The estimation of peer effects along with the fixed individual and school-by-grade effects intuitively relies on perturbations in the pattern of peers across grades and cohorts, i.e. the estimates are identified by small within-school and grade differences in peer group characteristics between cohorts. Such differences emanate from two sources: mobility into or out of the school and, less importantly, changes in student circumstances (e.g. income or achievement). The large annual mobility of students, averaging greater than 20% per year in the Texas public schools, accounts for much of the differences across grades and cohorts.9
One significant concern of course is the possibility that the observed changes in peers simply act as proxies for other changes in family or school inputs. Whether our estimation strategy can generate consistent estimates hinges upon whether the two time-varying components of the error terms (θ and ε in equation (3)) are orthogonal to the included peer variables. Three possibilities seem most important. First, the small observed changes in peer circumstances may be related to changes in family conditions that could bias the estimates. An increase or decrease in peer average income or achievement may result from similar changes in own family income that precipitate a school transfer and exert a direct effect on outcomes. Alternatively, shifts in local labour market conditions may cause changes in both own family and peer group average income, making it difficult to disentangle the influences of peers and family. Second, changes in school characteristics may affect both own achievement and that of peers. For example, the funding and availability of compensatory education programmes is linked to school average income, possibly building in a correlation between peer average income and programmatic effects. Or teacher differences in a specific grade may vary with peer characteristics. Finally, school selection by other families may be driven by attributes of the school, and the effects of such attributes may be confused with peer effects. Consider a school that is becoming dysfunctional, say because of an ineffective principal, and finds that all of its upper income families flee over time. In such a case, achievement of the remaining students could fall along with the incomes of peers, erroneously suggesting that peer income affects achievement even when there is no such relationship.

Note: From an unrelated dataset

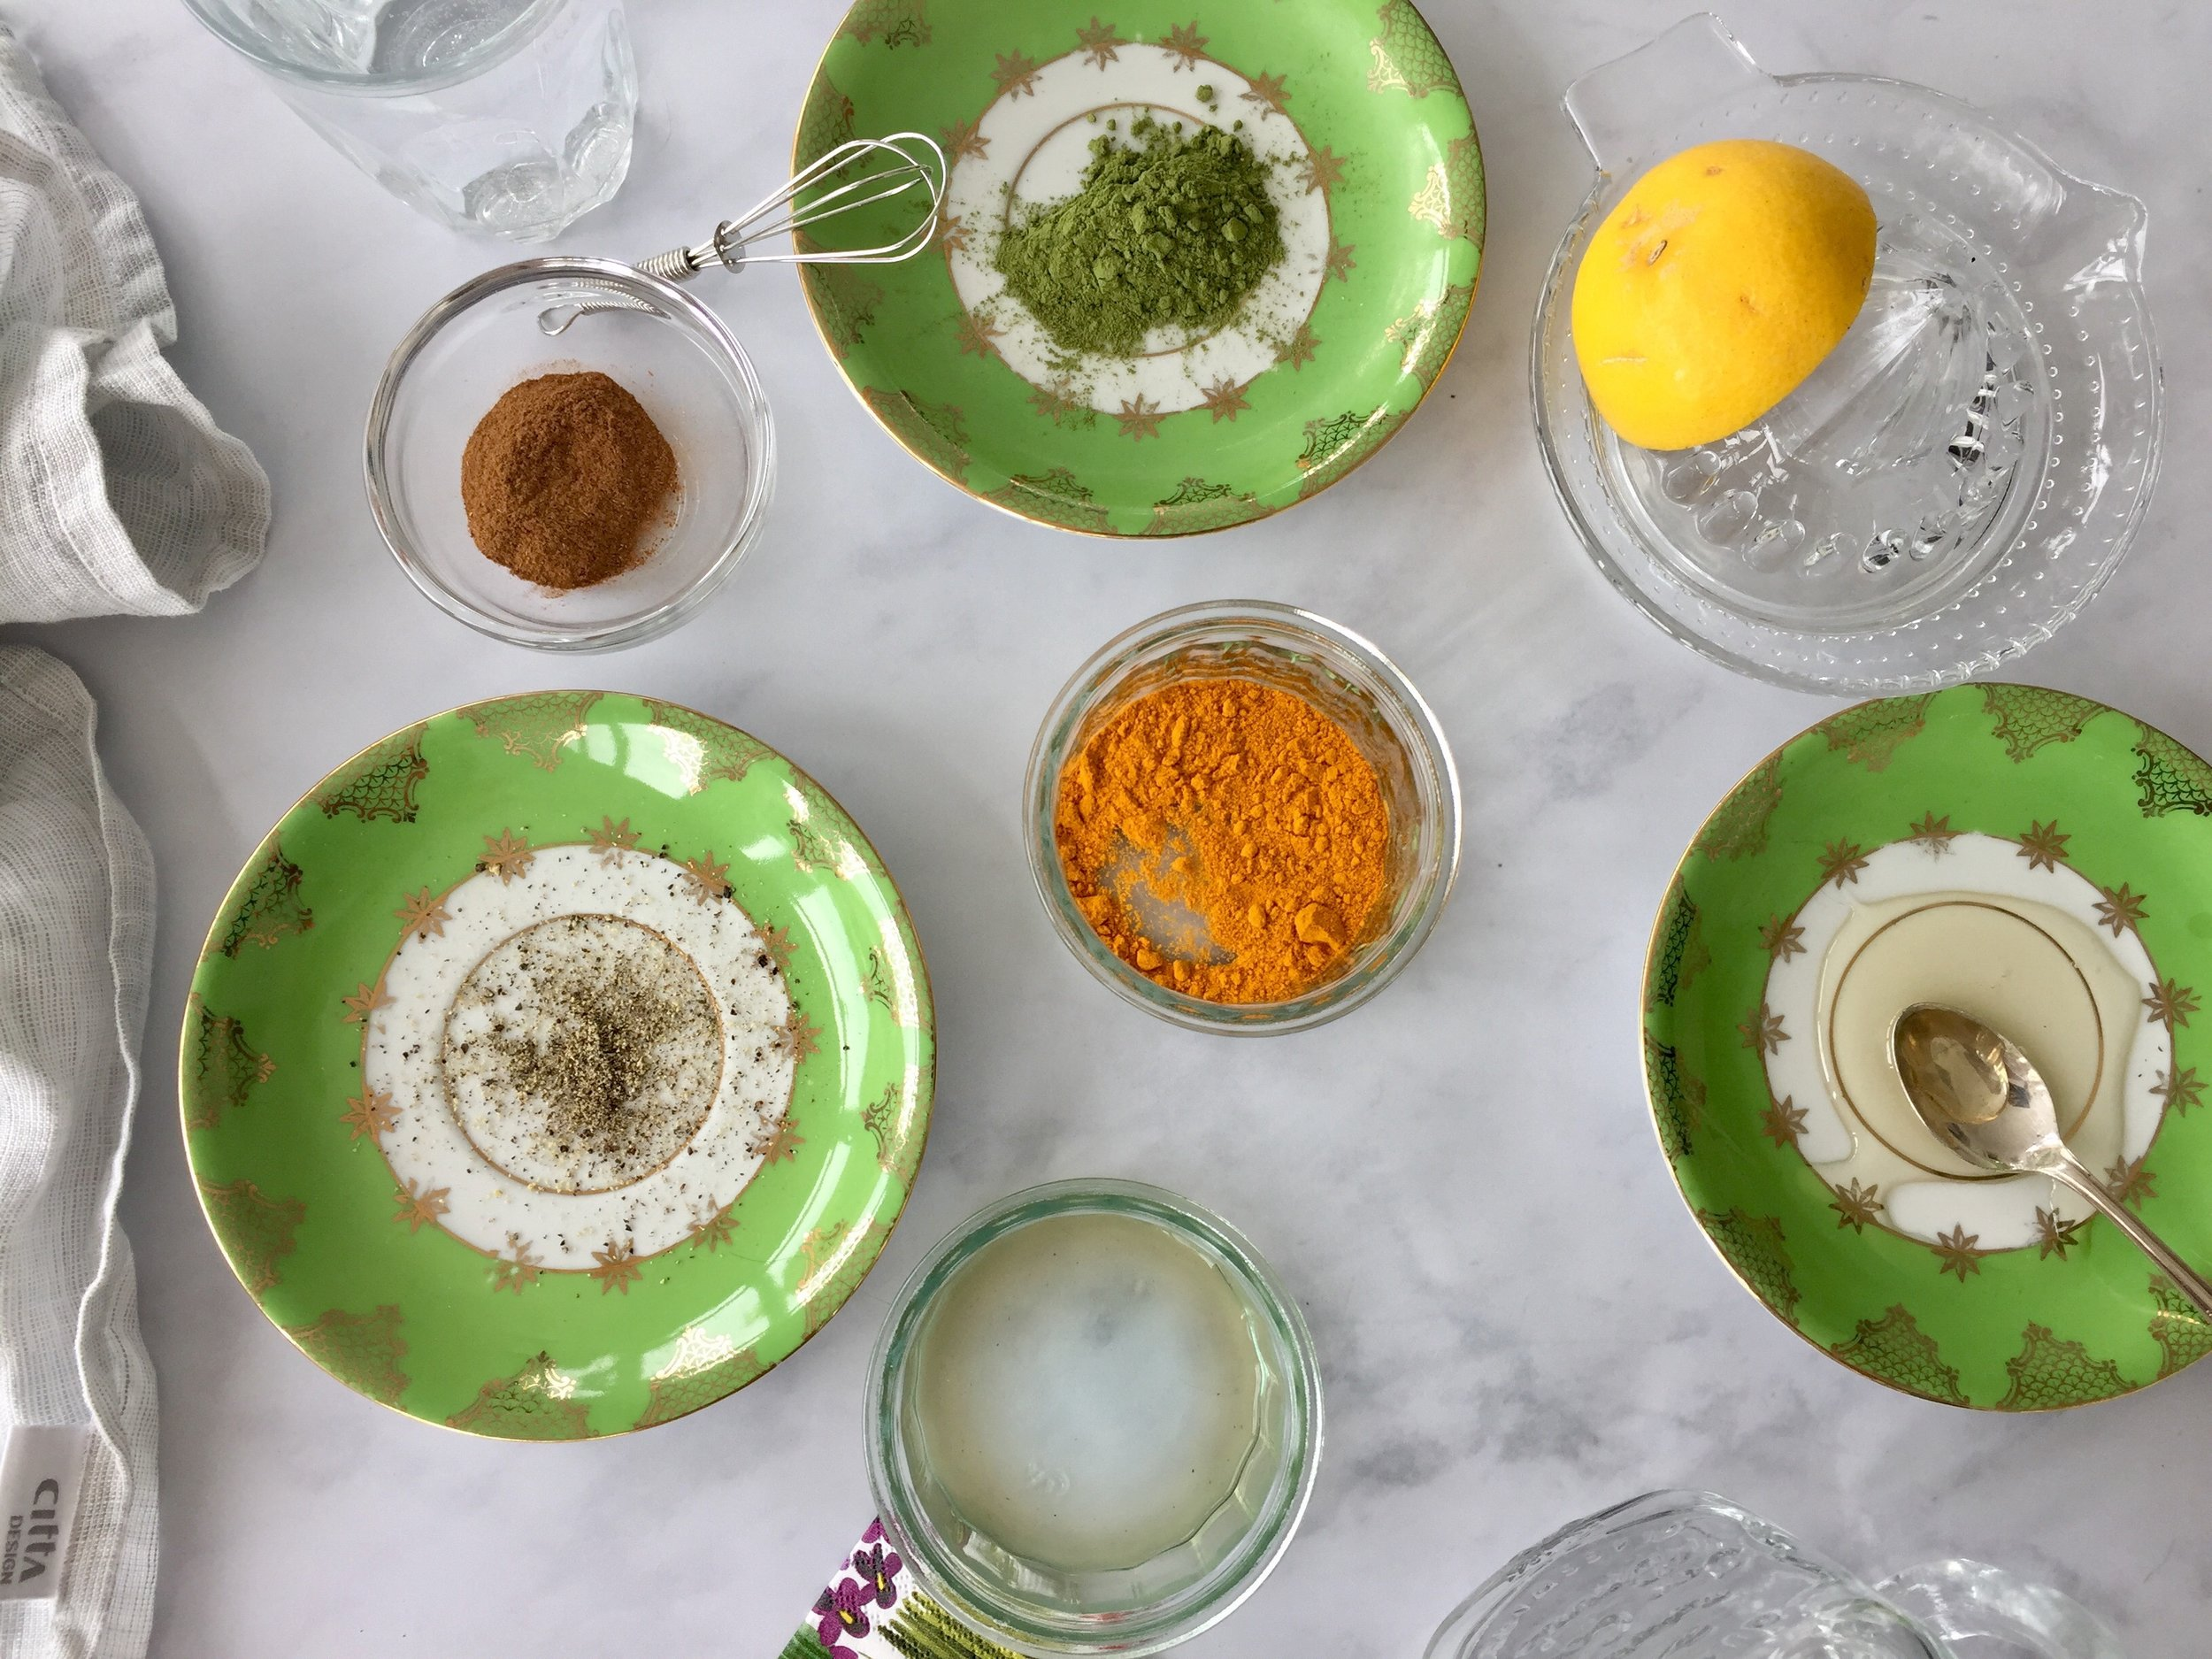 Ingredients for turmeric tea.

The severity of these potential problems depends in part on the ability to control for changes in families and schools. In this analysis (described below) we include time-varying measures of family income, school characteristics, compensatory programme status and overall school transfer behaviour. Perhaps more important given the controls for student and school-by-grade fixed effects, the potential severity also depends upon the speed with which families relocate in response to school conditions. The concern is simply that families adjust to changes in school quality (including peer composition) and thereby might induce bias through equilibrium selection behaviour. But, because residential moving is a costly process that undoubtedly includes some slow adjustment, movement due to parental selectivity of schools is almost certainly much slower than the movement of peer characteristics found in exogenous year-to-year variations. The assumption that families also react slowly (i.e. not in the current year) to specific variations in teacher quality seems natural, implying that there is no reason to believe that the choice behaviour of parents to current changes in teachers leads to any presumption about correlation of peer factors and annual variations in teacher quality. It seems plausible that differences captured by school or school-by-grade quality provide the prime motivation for any family selection of schools. Any remaining variations in annual teacher quality, even if large, must be orthogonal to the school-by-grade estimates of quality. Particularly because the average family has more than one child, mobility reactions to current shocks to teacher quality are likely to be minimal.

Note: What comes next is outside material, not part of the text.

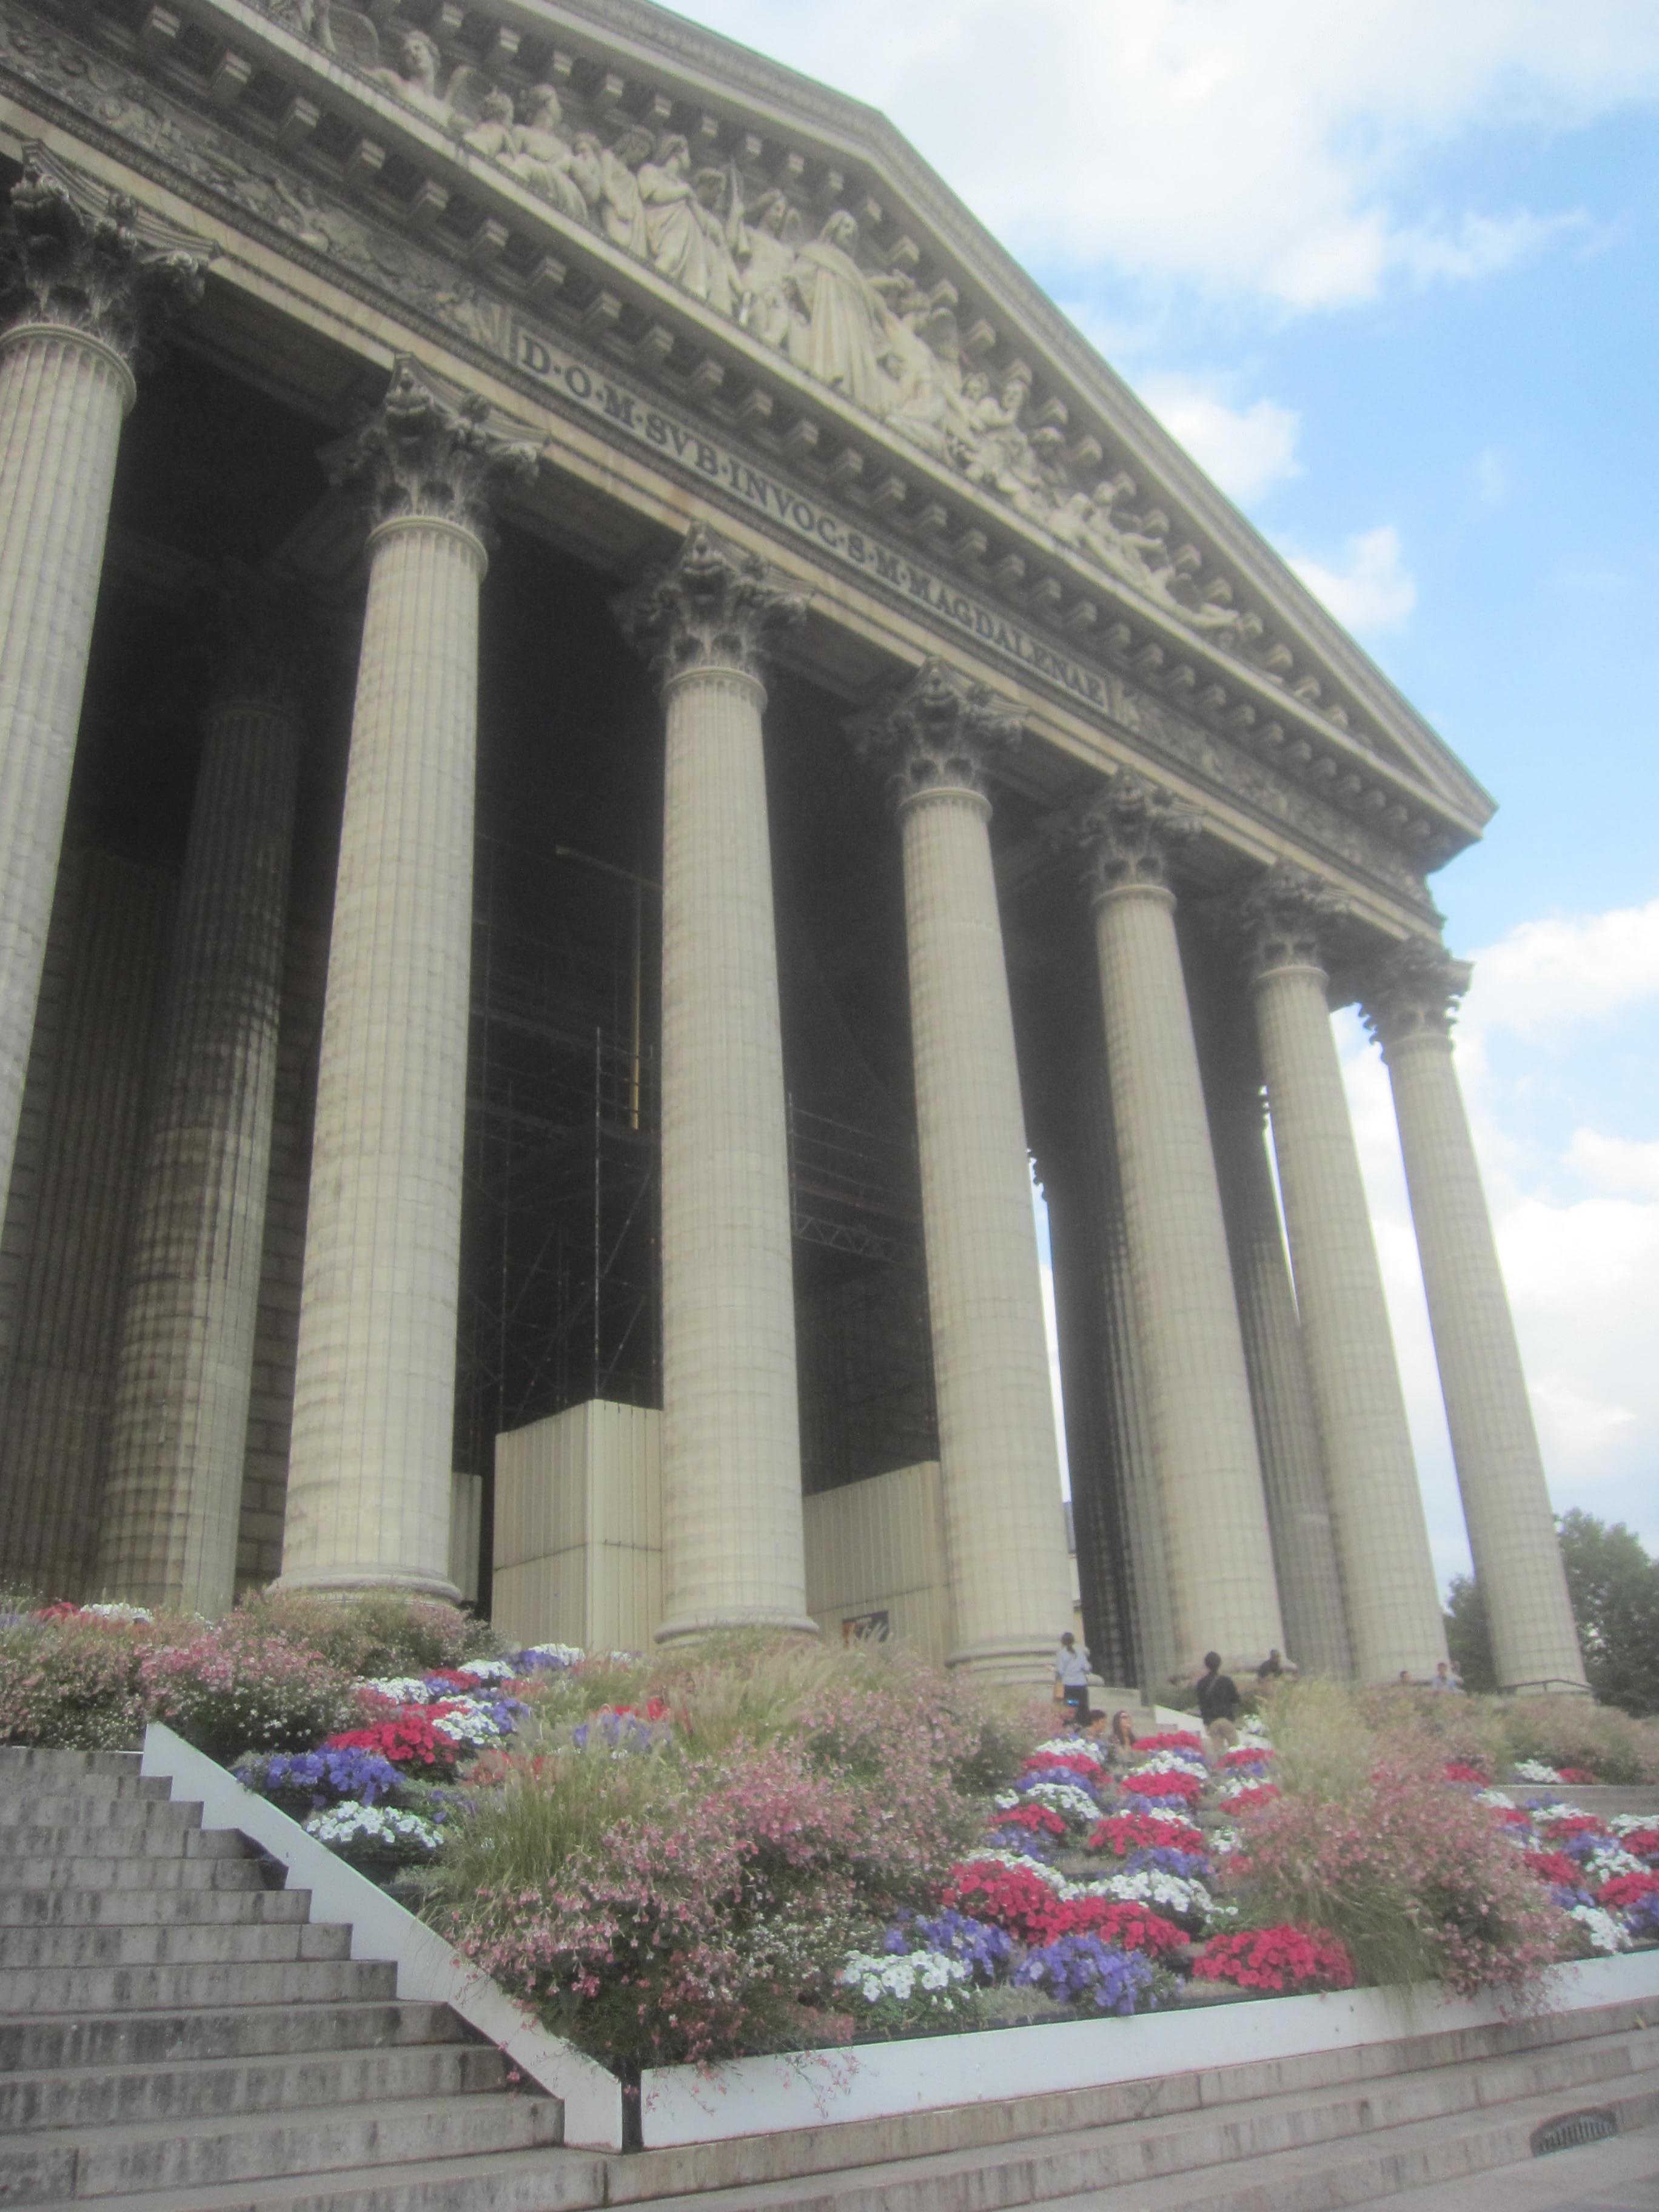 Paris glise de la madeleine disway - L orangerie la madeleine ...

In sum, the choice of neighbourhood and school will tend to bias upwards the estimated effect of peer achievement unless an exogenous source of variation in peer achievement can be identified. Our estimation strategy, which relies on small changes over time and grades in peer characteristics, will provide consistent estimates of the underlying peer parameters unless systematic changes in the contemporaneous innovations to achievement (θ and ε) are correlated with the predetermined peer effects. Given the available measures of year-to-year changes in family and school characteristics and the structure of the data allowing for the removal of student and school-by-grade fixed effects, such correlations are likely to be of a very low order of importance.
2.3 The Reflection Problem
Before completing this discussion, an additional issue of peer influences must be introduced. The most vexing estimation problem, formulated in detail by Manski (1993), is the possible simultaneous determination of achievement for all classmates, with high achievement by one student directly improving the achievement of classmates and vice versa. This possibility, which has also received the most theoretical attention, is captured in equation (2) by the inclusion of Ā(−i)G, the average achievement of peers. If the achievement of each peer is also governed by equation (2), we would have Ā(−i)G directly related to AiGs through individual i's influence on the others in the class. As Moffitt (2001) shows, this situation can be thought of as a standard simultaneous equations problem, where the induced correlation of Ā(−i)G and υiG leads to inconsistent estimation of the peer effect parameter. The reflection problem (in the terminology of Manski, 1993) presents a conundrum, because it is extremely difficult to identify the separate structural peer parameters (λ and γ) of equation (2) through standard exclusion restrictions.10 Without imposing functional form restrictions, one needs to find aggregate peer factors that do not have an individual analogue in the achievement relationship, something that is difficult given the underlying conceptual basis that portrays peers as essentially extended families. Nor does randomization help, because current behaviour of the individual and peers will still be important.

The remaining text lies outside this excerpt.